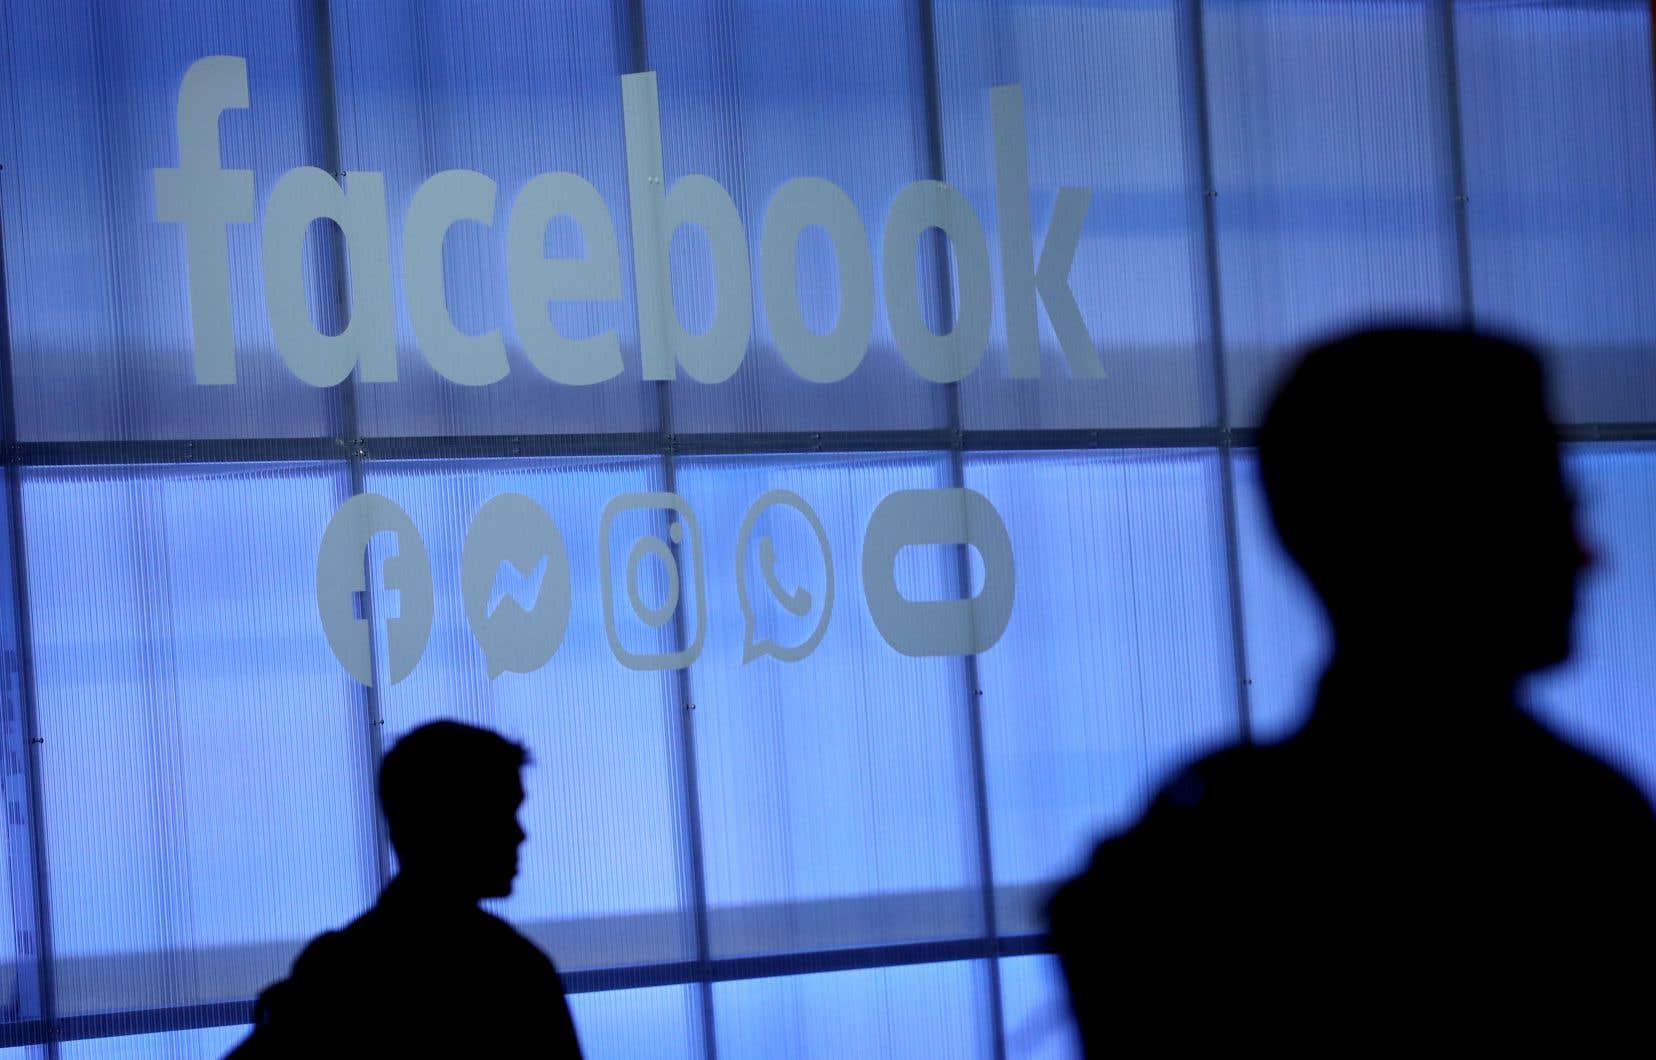 <p>À partir de mercredi, toute personne ne respectant pas les règles relatives aux contenus extrémistes se verra interdire dès sa première infraction l'utilisation de Facebook Live pour une période déterminée, par exemple 30 jours.</p>
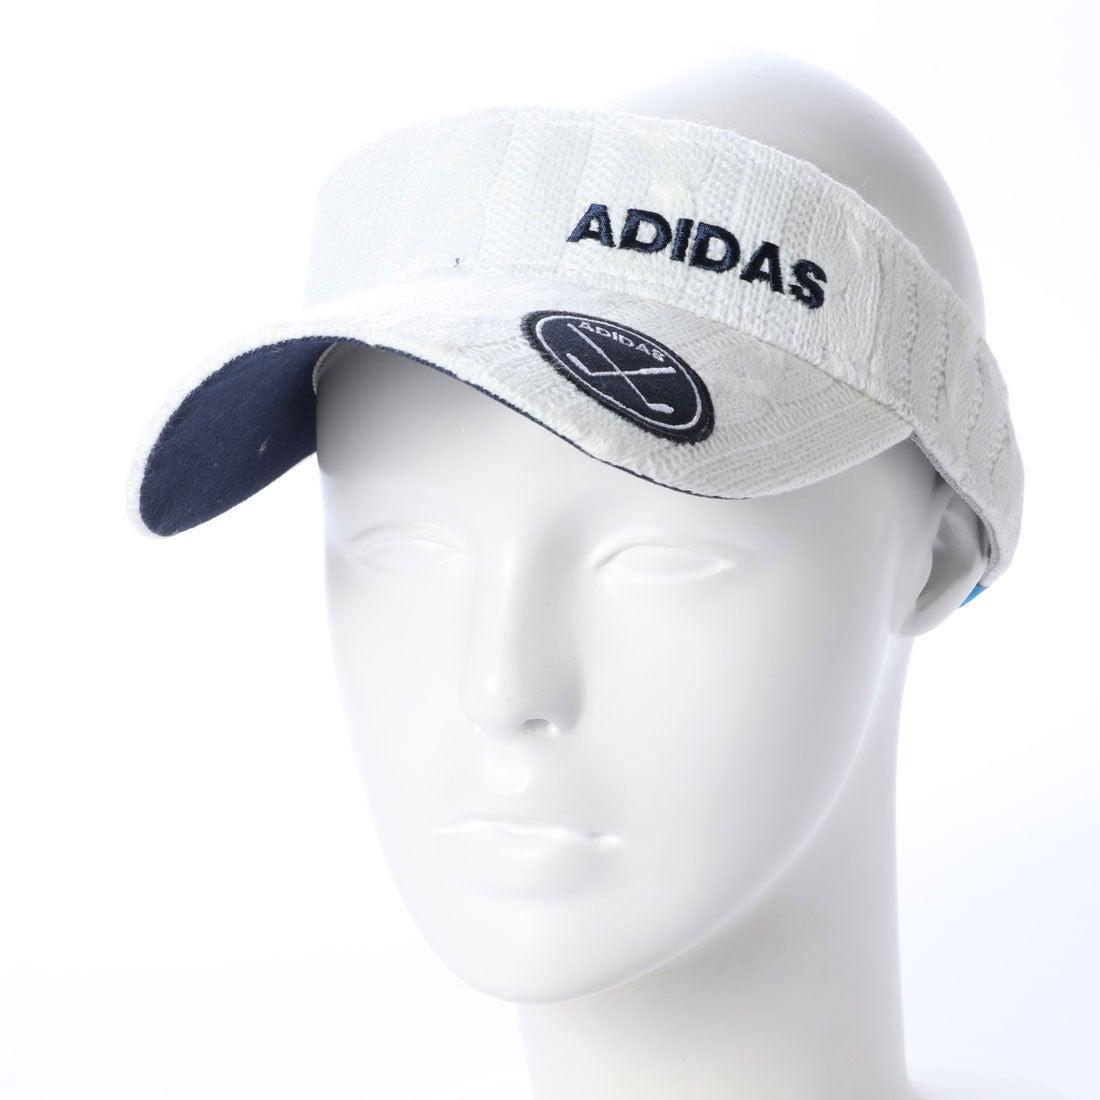 ロコンド 靴とファッションの通販サイトアディダス adidas レディース ゴルフ サンバイザー adicross ケーブルニットバイザー U31663
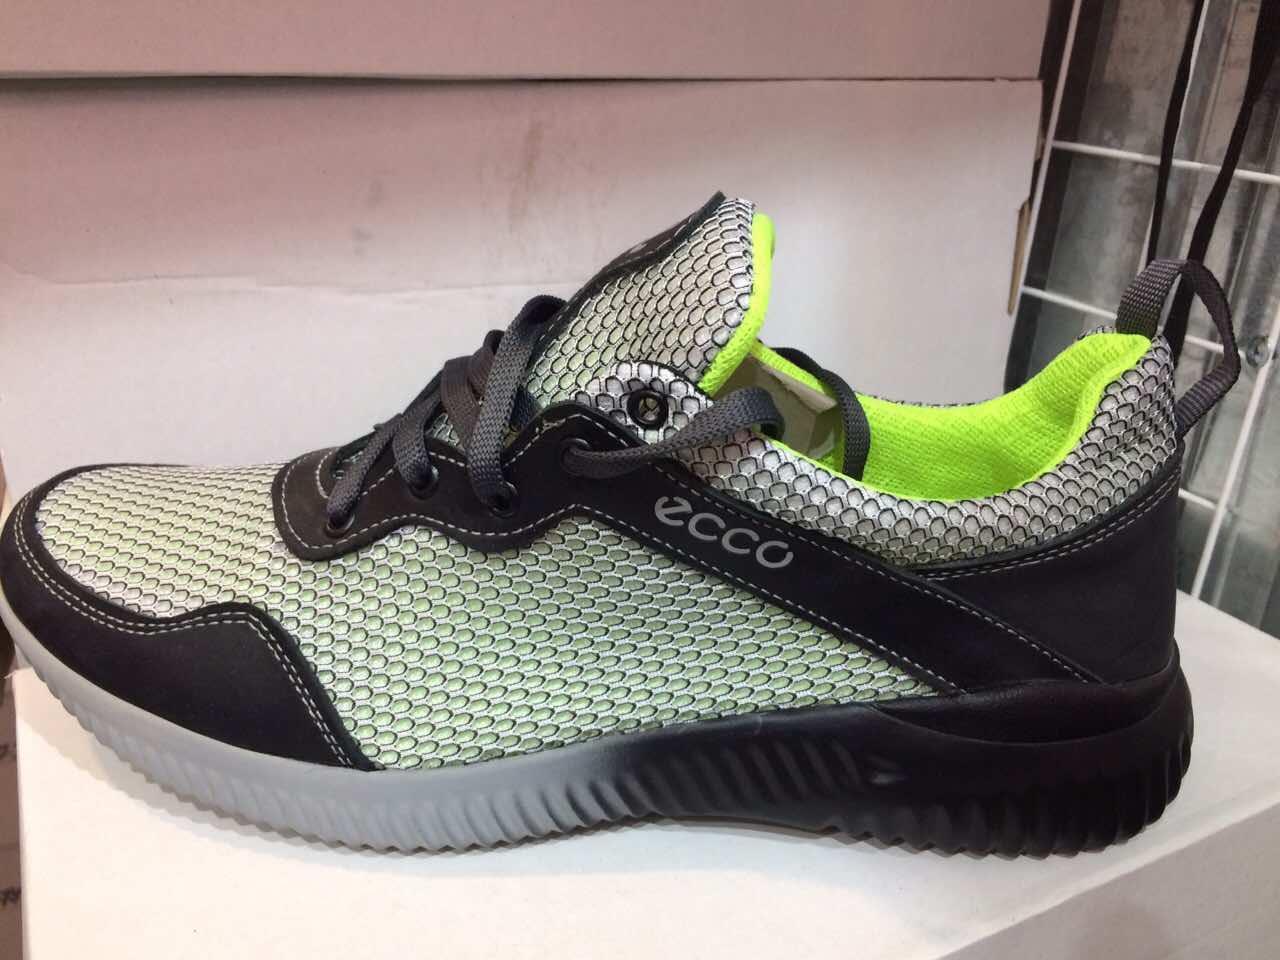 Мужские легкие летние кроссовки ECCO размеры 40, 41, 42, 43, 44, 45
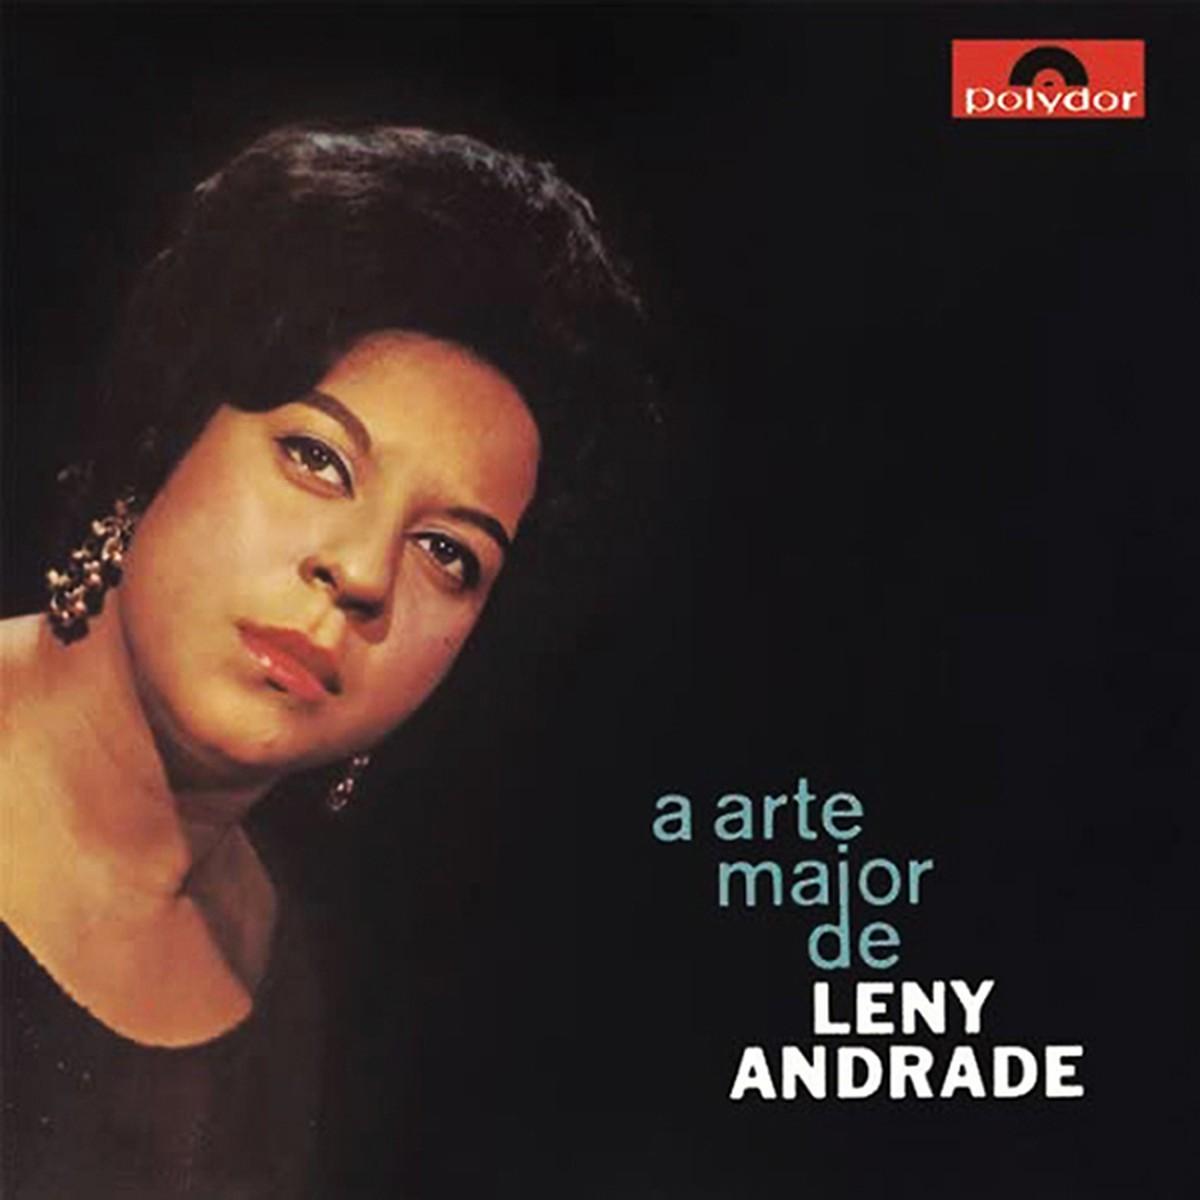 Discos para descobrir em casa – 'A arte maior de Leny Andrade', Leny Andrade, 1964 | Blog do Mauro Ferreira
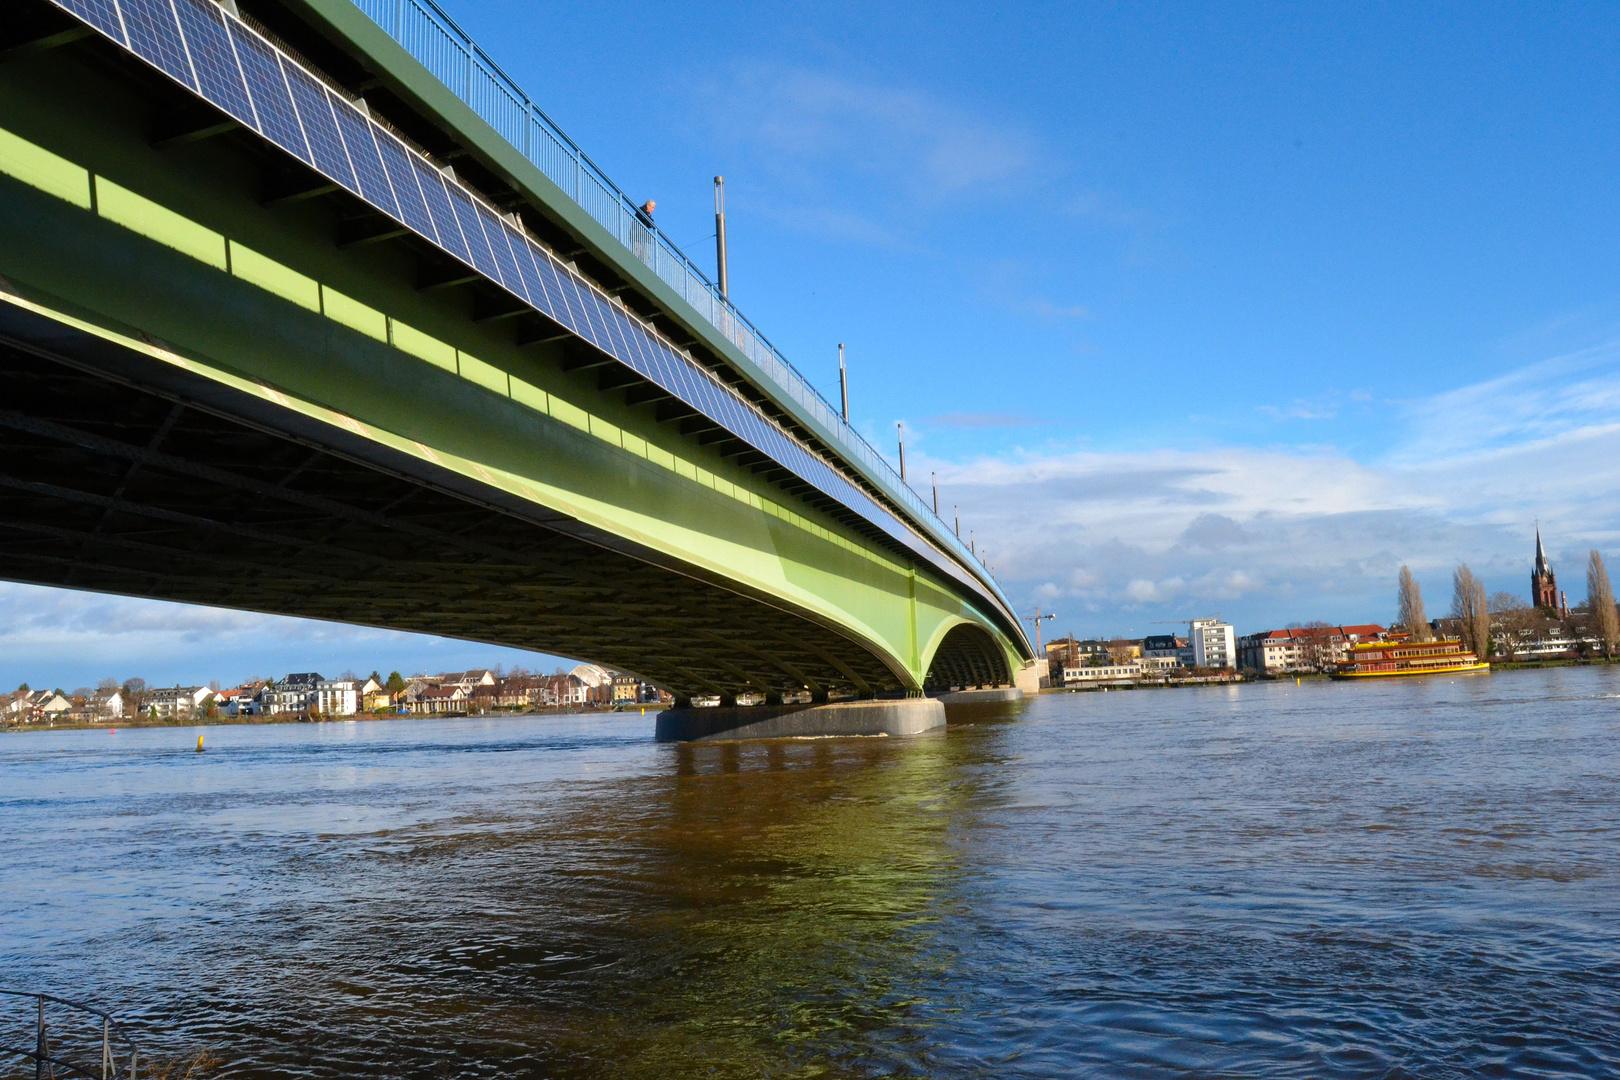 Kennedybrücke in Bonn

- - - - - - -

DIRECTIONS FOR THIS TASK >> Your answer should hold only the lines from the line with "Мужские легкие летние" through the closing line of the records, restated exactly and free of pictures.

THE COMPLETED TASK >>
 Мужские легкие летние кроссовки ECCO размеры 40, 41, 42, 43, 44, 45
 Discos para descobrir em casa – 'A arte maior de Leny Andrade', Leny Andrade, 1964 | Blog do Mauro Ferreira
 Kennedybrücke in Bonn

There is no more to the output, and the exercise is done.